If you value animals based on human traits, humans will always be better. Because you take your own good traits which other species don't have. But that's not the point. Animals have animal traits. For example, low factor of self-extinction is something we should be learning from from animals. Acceptance of death. Limiting the use of our own resources. Taking these aspects into consideration make humans a stupid race that destroy the environment they live in.
The article's premise is "some animals are better at specific things than humans, therefore humans are not exceptional", or stated differently, "humans are only exceptional if they're the best at literally everything".
It seems obvious to me that this is a fairly useless definition of "exceptional" that would not be accepted in any context other than an ideological one.
Yes, HN is better without shallow dismissals. Perhaps we should extend that idea to shallow articles as well.
I think what I said is actually the strongest interpretation of the article's claim, just with the author's word games stripped away. You called out two claims from the article as being worthy of deeper thought, so I'll address both:
> when we assess other animals, we use human beings as the baseline
Let's use a different baseline then, let's say the visual acuity of birds of prey or the longevity of sea tortoises. Those animals win against humans in their respective categories. Use every animal as a baseline against which to compare every other animal and add up all the "wins" across all of those, and you will find that humans win in far more categories and to a much greater degree than any other single animal. This claim is just a convoluted way of saying what I said in my last comment. The language gives it an academic veneer, but that does not make it a profound claim.
> our tests of the abilities of nonhuman animals [...] study them under highly artificial conditions
This is the actual quote with a bit more context: "We study them under highly artificial conditions, in which they are often miserable, stressed, and suffering. Try caging human beings and seeing how well they perform on cognitive tests."

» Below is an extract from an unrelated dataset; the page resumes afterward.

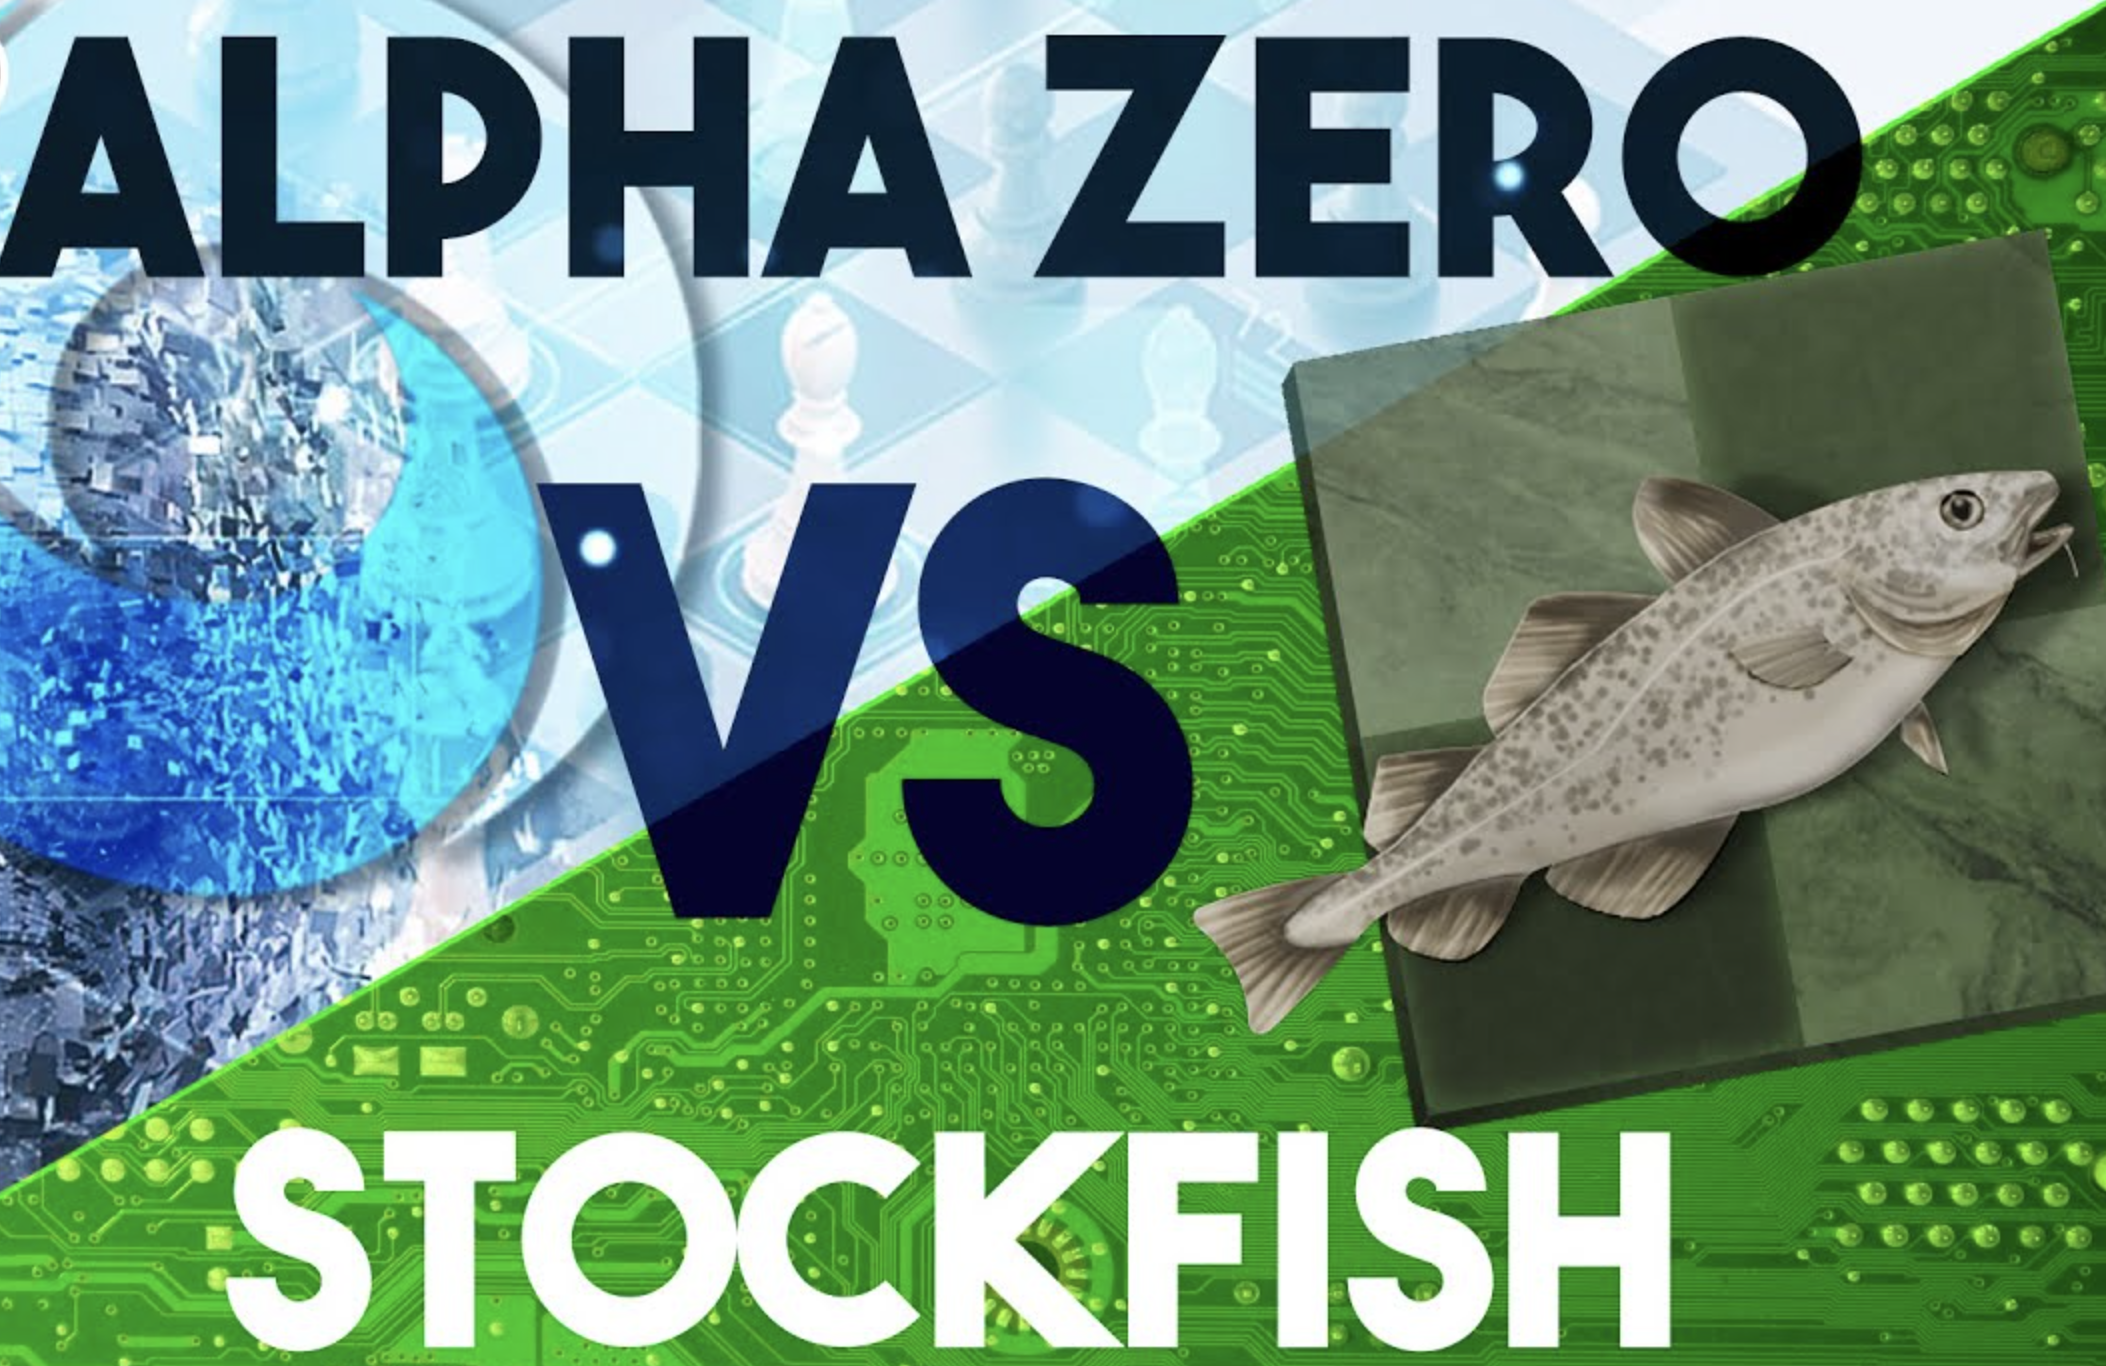 Evolved, Alpha Zero 16 vs Stockfish 16, Evolution of Engines

Does anyone honestly believe that a stressed out human would perform worse on a cognitive test than a perfectly content chimpanzee? It's a fair point that animals are often not "in their element" when we study them, but the idea that this accounts for the vast gap in intelligence and creativity between them and humans is laughable. Is the author claiming that animals behave with a sophistication whose utility rivals the utility of human behaviors, but conveniently only when we're not watching them? I'm pretty sure there's a Far Side comic about this.
On a meta note, you talk about how a lot of commenters dismissed the article by only engaging with the title. I would suggest that you did not engage with what those commenters were actually saying--they did engage with the article, but the article had no substance. It was you who reflexively dismissed the commenters, because you're sympathetic to the article's worldview.
Yes, up to a point, but that's one of those arguments that proves too much. If you take it literally, there's no difference in discussion quality and therefore no point in having guidelines at all.
"Please don't post shallow dismissals, especially of other people's work. A good critical comment teaches us something."